• [What you need to do] Any picture in the data below gets skipped; print all the rest exactly.

• [Supplied information]
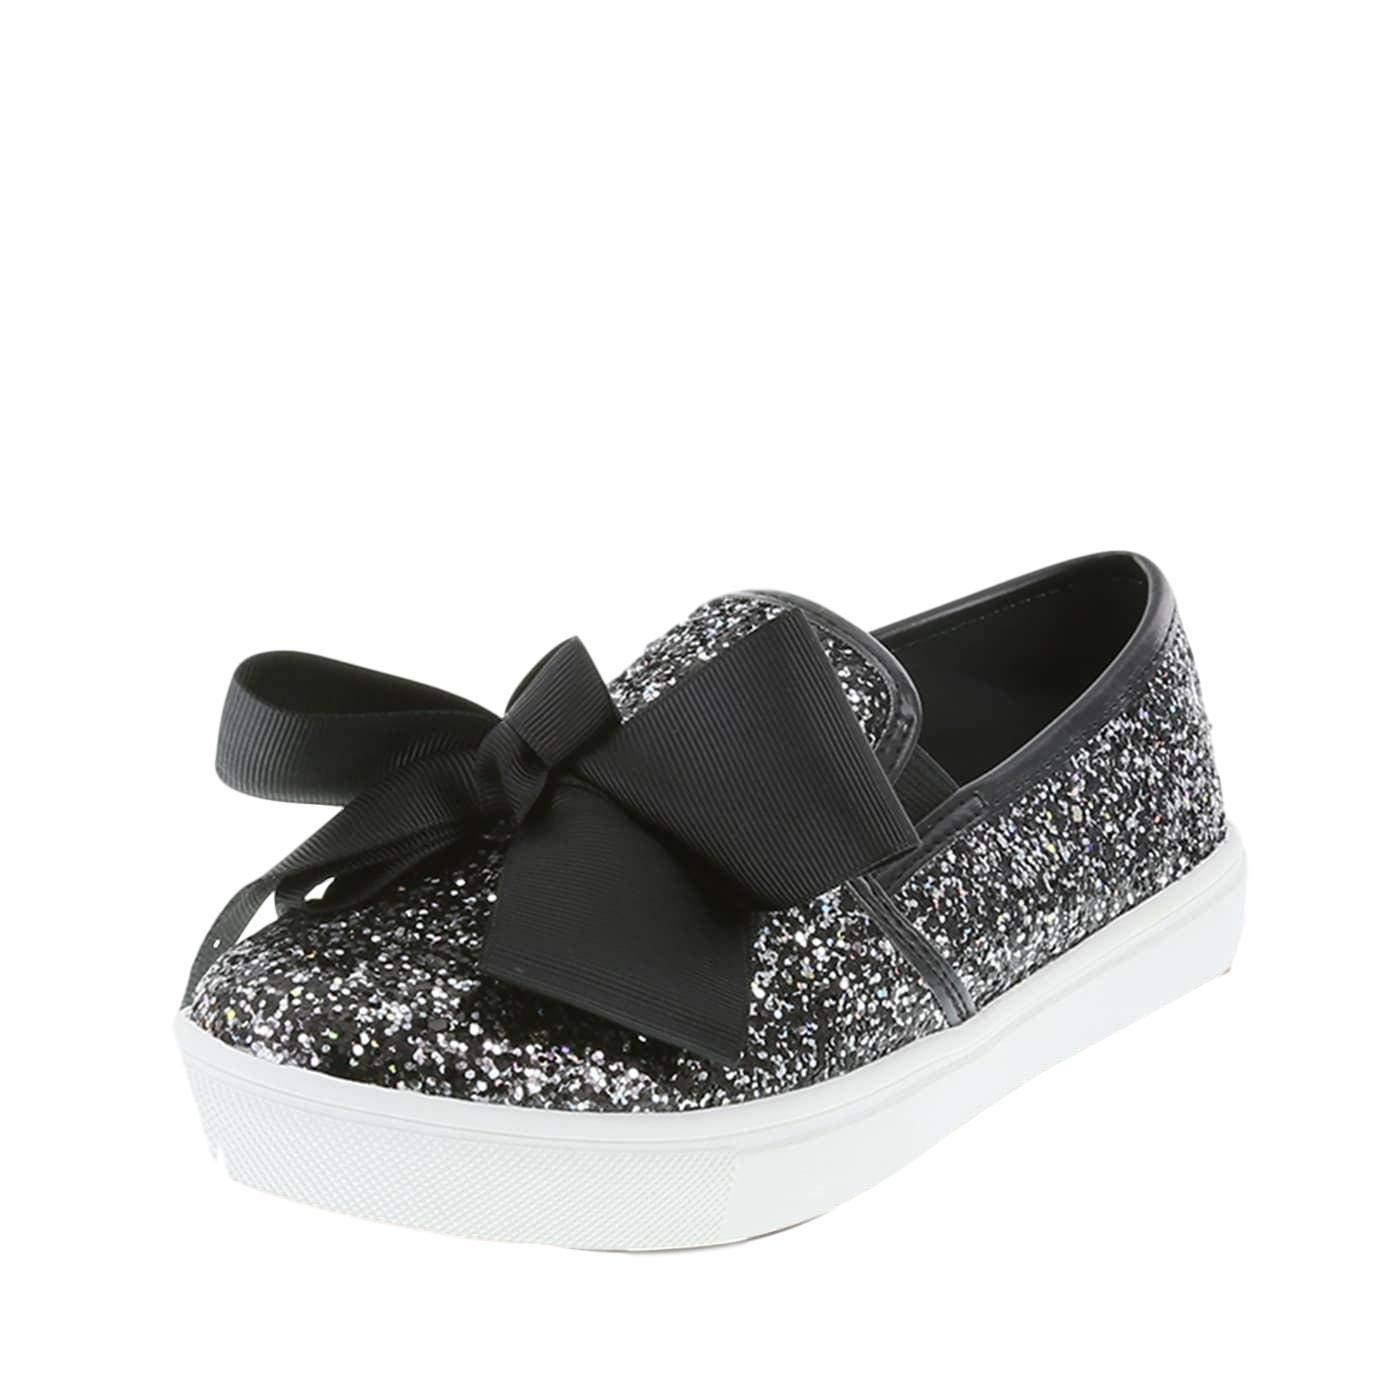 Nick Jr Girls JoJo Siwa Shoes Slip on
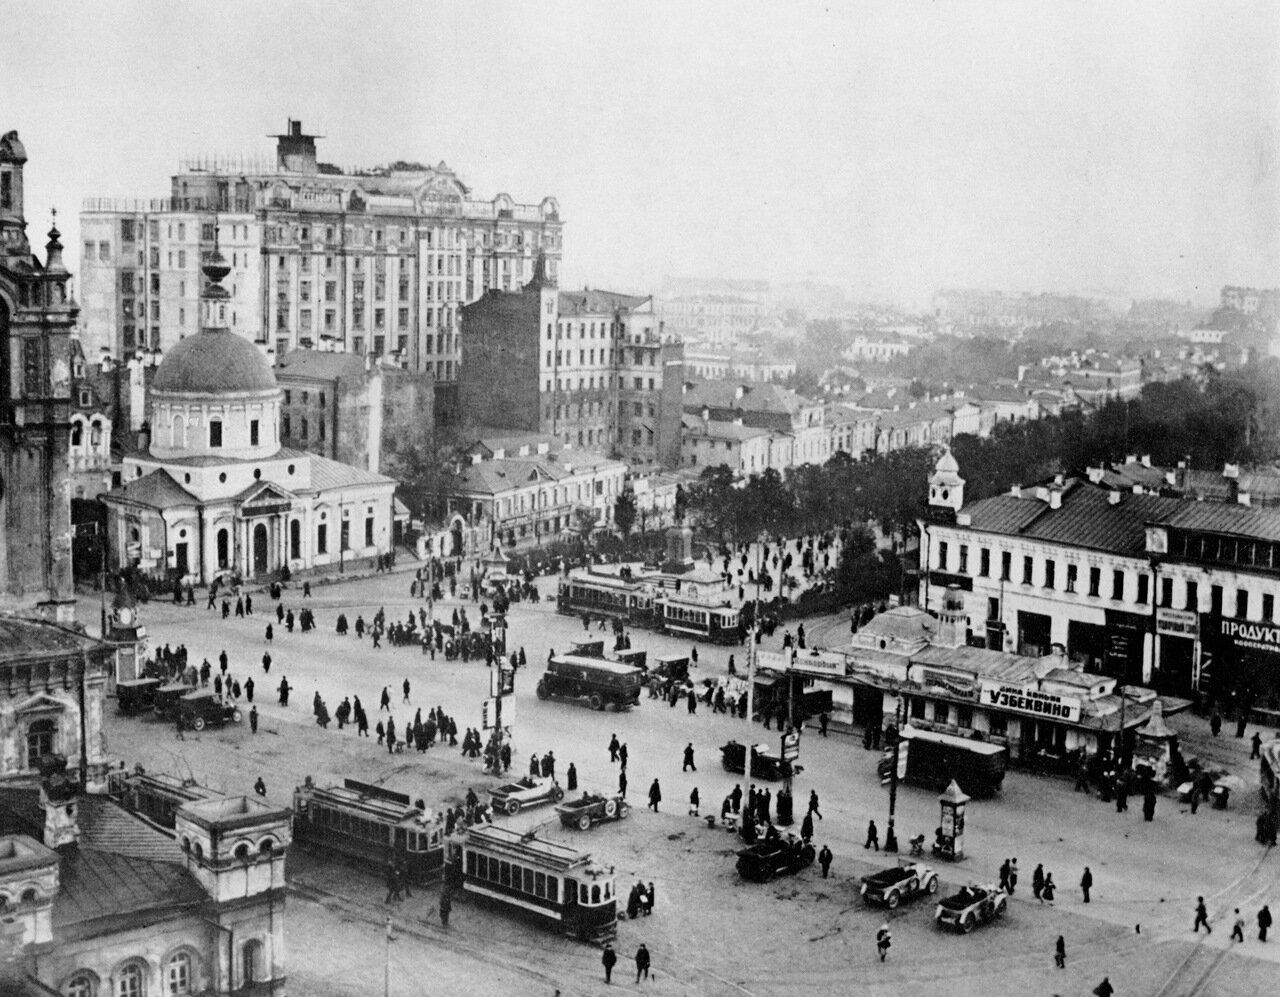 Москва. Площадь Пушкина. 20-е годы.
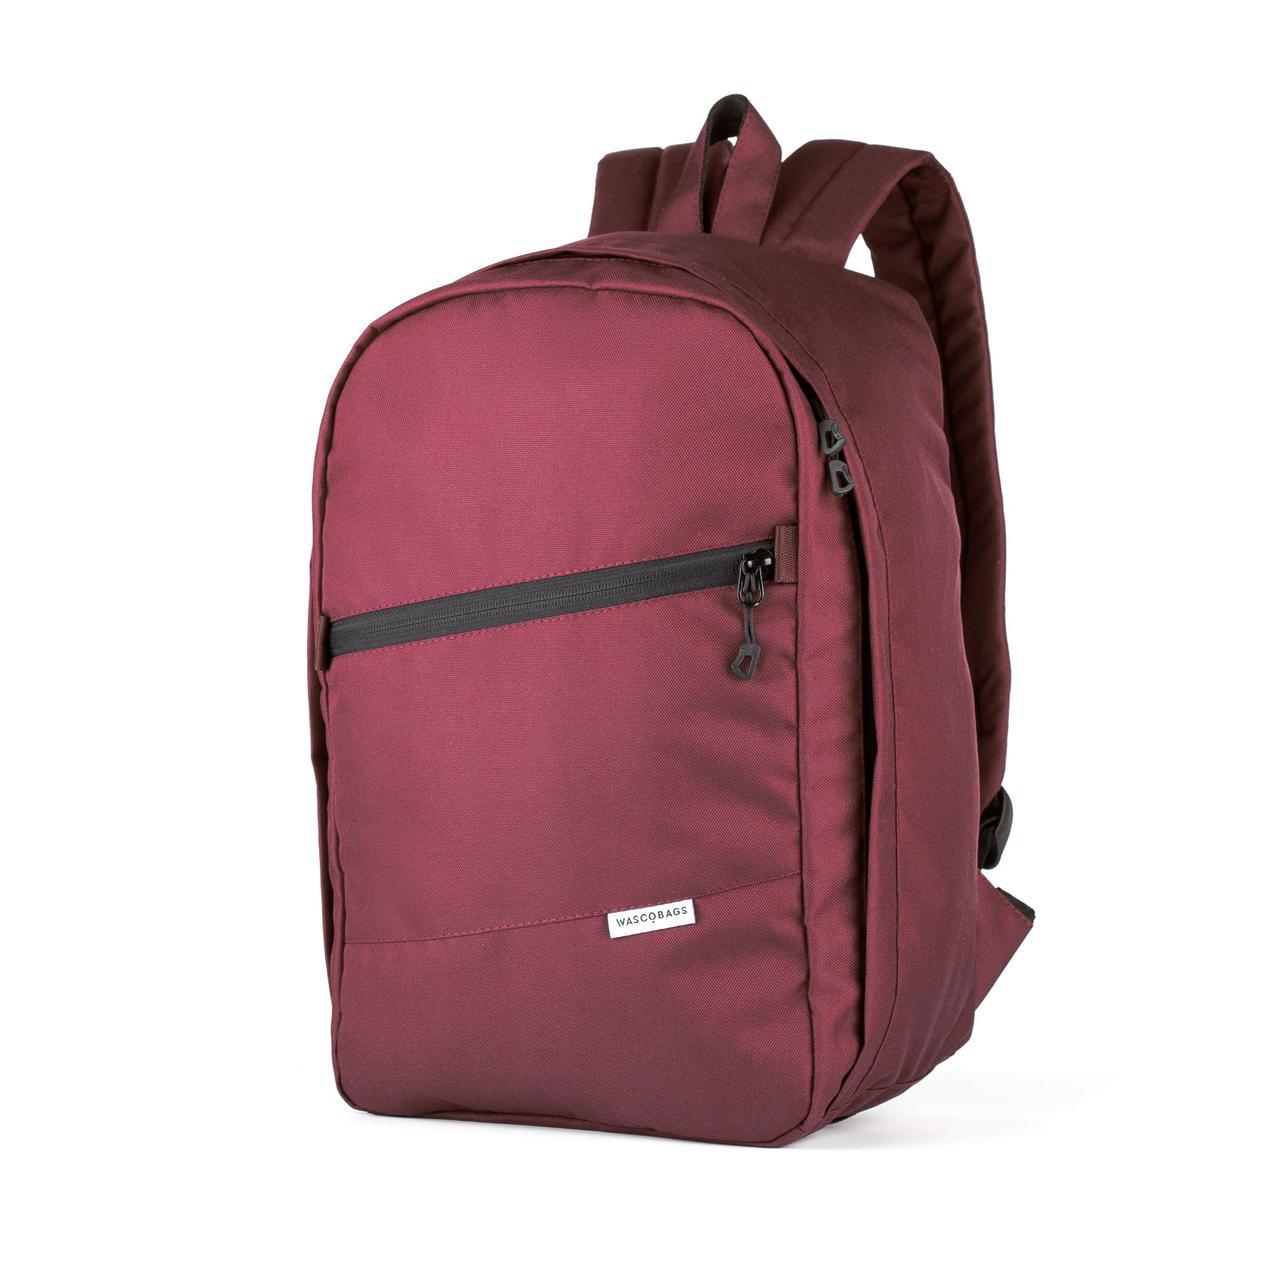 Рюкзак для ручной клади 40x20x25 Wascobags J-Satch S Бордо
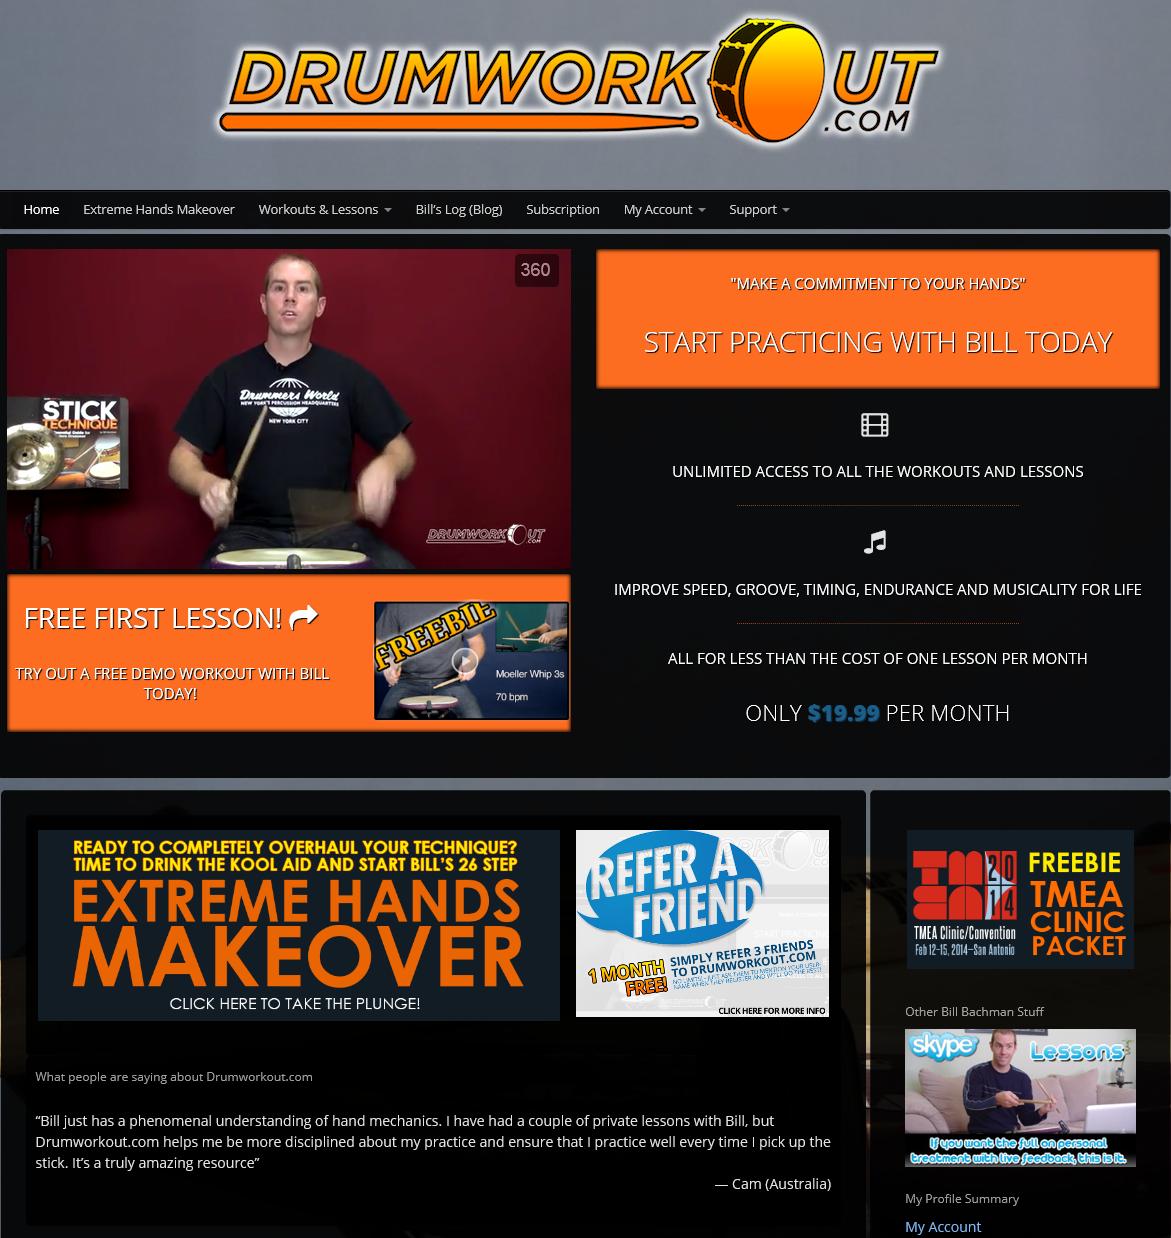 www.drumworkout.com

• [Finished exercise]
 Nick Jr Girls JoJo Siwa Shoes Slip on
 Москва. Площадь Пушкина. 20-е годы.
 Рюкзак для ручной клади 40x20x25 Wascobags J-Satch S Бордо
 www.drumworkout.com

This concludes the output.